Recommended actions for administrators and security teams
- Treat Microsoft’s Azure Linux attestation as authoritative for those artifacts. Patch Azure Linux images promptly.
- For every Microsoft‑provided image or service used in your environment, perform artifact‑level verification: check kernel architecture, version, and commit mapping against known upstream fixes.
- Automate VEX/CSAF ingestion into your vulnerability management pipeline so product‑level attestations are consumed in real time.
- Maintain an inventory of the CPU architectures you run (x86_64, ARM64, RISC‑V). Many organizations can immediately rule this CVE out simply because they do not run RISC‑V kernels.
- If you run RISC‑V systems, prioritize kernel updates and reproducers in staging so you can validate fixes and avoid regressions.

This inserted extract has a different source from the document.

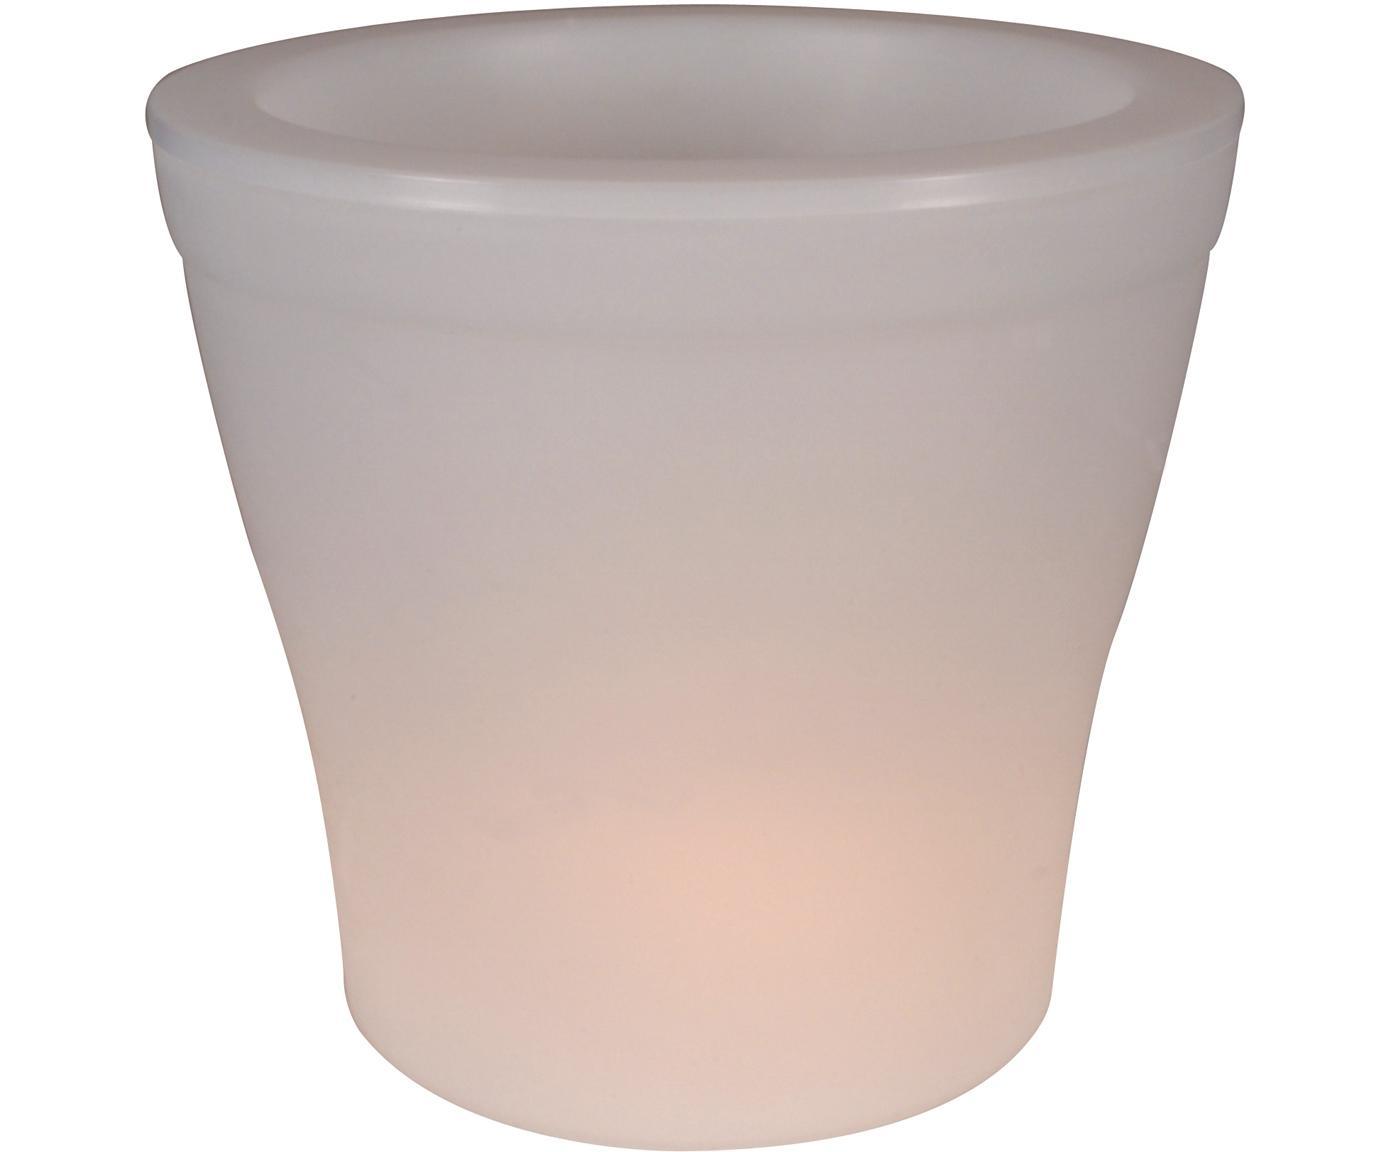 Mobiele outdoor LED lamp Flowerpot, Kunststof, Wit, Ø 39 x H 37 cm

- When in doubt, open a support ticket with your vendor (Microsoft support for Azure images) and request an artifact‑level attestation or an explicit statement about the artifact you run.
Conclusion
CVE-2025-38261 is a focused RISC‑V kernel correctness bug that can trigger kernel OOPSes under heavy stress; the upstream fix is localized and has been merged. Microsoft has answered the predictable question about product exposure: Azure Linux is the Microsoft artifact that has been checked and is currently attested for this CVE, and Microsoft will update its CVE and VEX attestations if additional products are later found to include the vulnerable code.That phrasing should not be read as a blanket guarantee that no other Microsoft product could ever be affected. VEX/CSAF attestations are product‑level, artifact‑scoped signals intended to enable automation and authoritative triage. Defenders should therefore combine three things: (1) the vendor’s attestation data for the specific artifacts they run, (2) artifact‑level verification against kernel versions/commit mappings, and (3) pragmatic patching and isolation where RISC‑V kernels are present. Doing so delivers both accuracy and safety — it avoids false assurances while enabling focused remediation where it matters.